Given these formidable drawbacks, why would someone even bother considering Stata? Because it is otherwise made of pure awesomeness, that’s why. (Ok, I may be exaggerating a bit here, but bear with me.) Most skilled empiricists know the sad truth of working with real data: about eighty percent of time on every project is usually spent on manipulating data and wrestling it into format suitable for analysis. I am yet to find a more efficient tool than Stata for these tasks. Assuming you can fit the relevant data into RAM, once it is loaded, Stata is blazingly swift at cutting and slicing the data. Whenever I open a new dataset, it typically takes less than five minutes to identify any potential problems that crept in during the data construction phase. This makes Stata ideal for prototyping new solutions: at the early stages of any project it is important to fail quickly. Whatever takes hours to do in SAS, usually takes minutes to do in Stata.

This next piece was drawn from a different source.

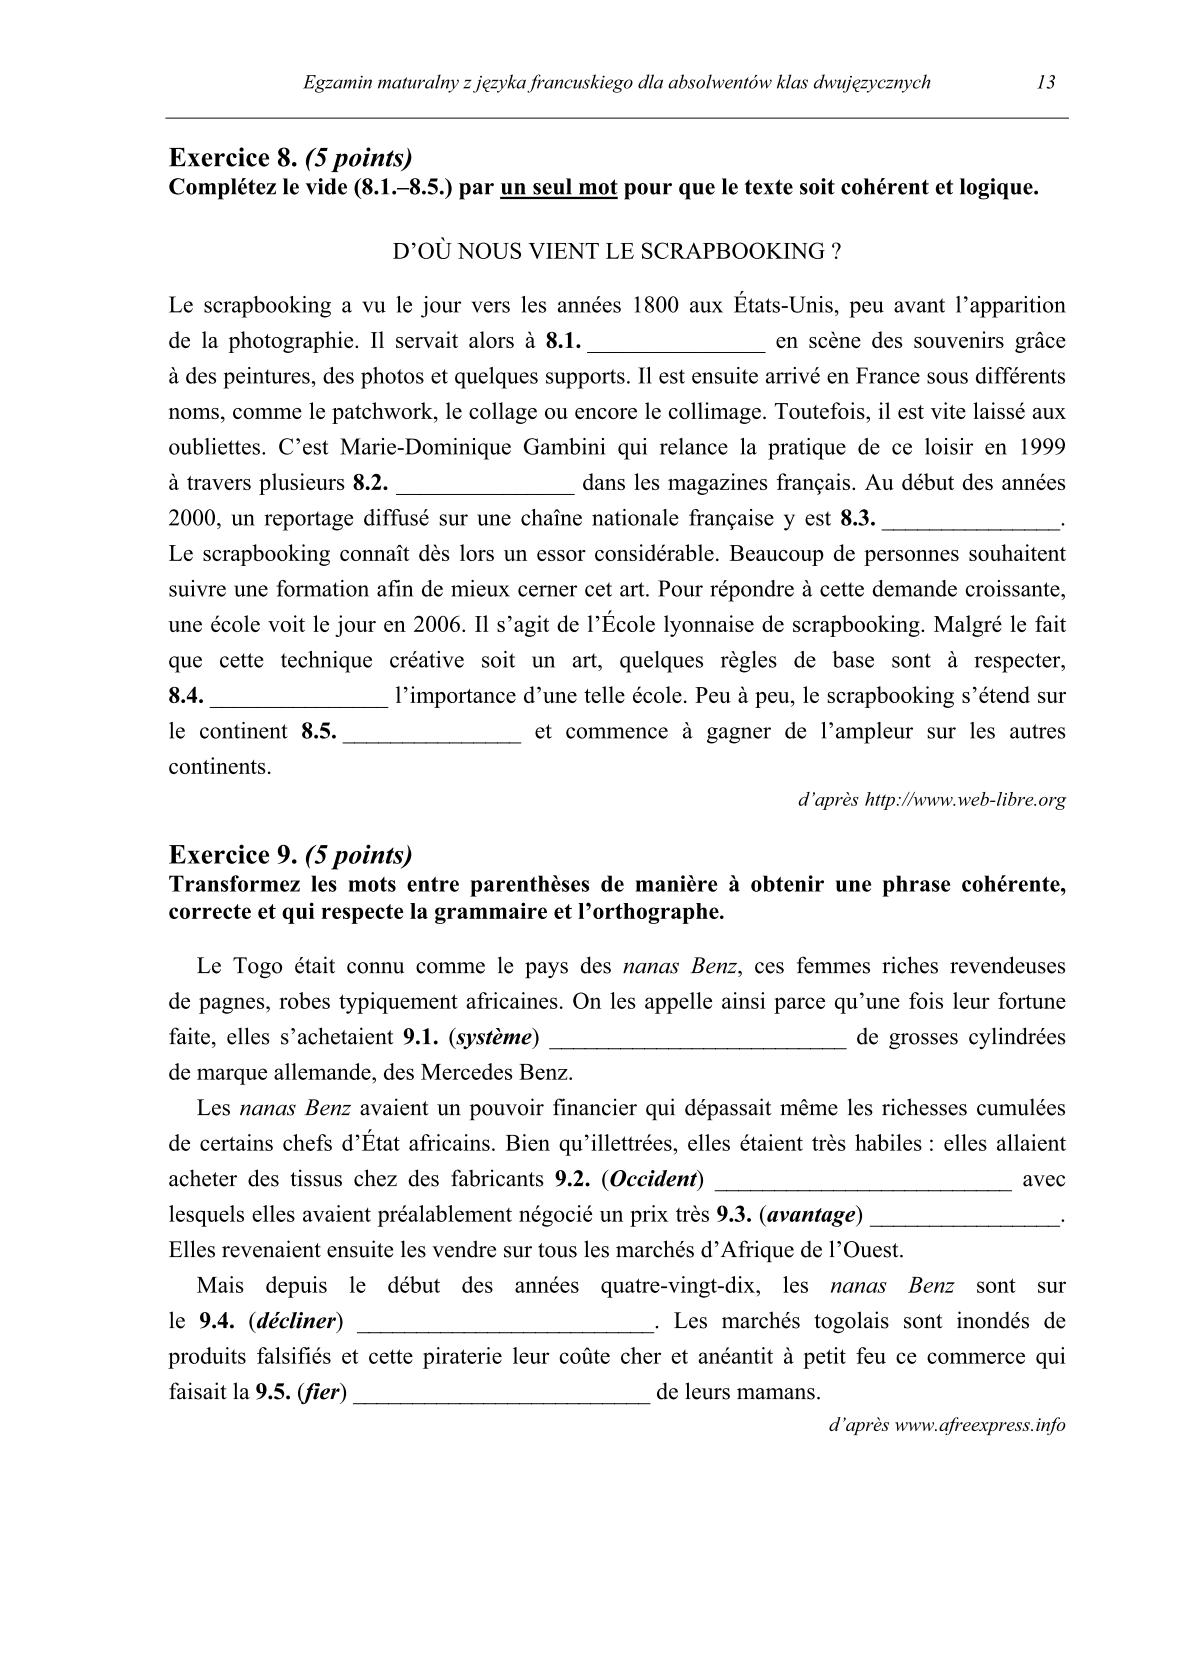 pytania-jezyk-francuski-dla-absolwentow-klas-dwujezycznych-matura-2014-str.13

I already mentioned that Stata’s internal language is quirky. If you stick with it long enough to get over these quirks, however, you will come to appreciate its flexibility and pithiness. In particular, it provides an uncanny level of versatility when it comes to creating loops. There is effectively no difference in looping over variable values, variable names, strings, or numbers - a feature that enables writing exceedingly compact code. Whenever I use R, SAS, Matlab, or virtually anything else other than Stata, I resent not having this kind of versatility at my disposal.

In addition, Stata was written by economists and, primarily, for economists. A number of estimation methods and routines that are specific to economics have been implemented only in Stata, mostly methods related to panel data analysis. People have conflicting opinions on whether it is best to “code up” all the methods you use from scratch. My take on this is simple: speed maters, so whatever enables rapid exploration is good. Once you find something that you think is working, re-engineering the method from scratch is a perfectly reasonable way to bring extra robustness.

I will conclude by noting that a perpetual license for a very powerful implementation of Stata costs under ten thousand dollars, and one can get a less powerful version for about a thousand. This is my default tool for exploratory data analysis, which I personally find indispensable.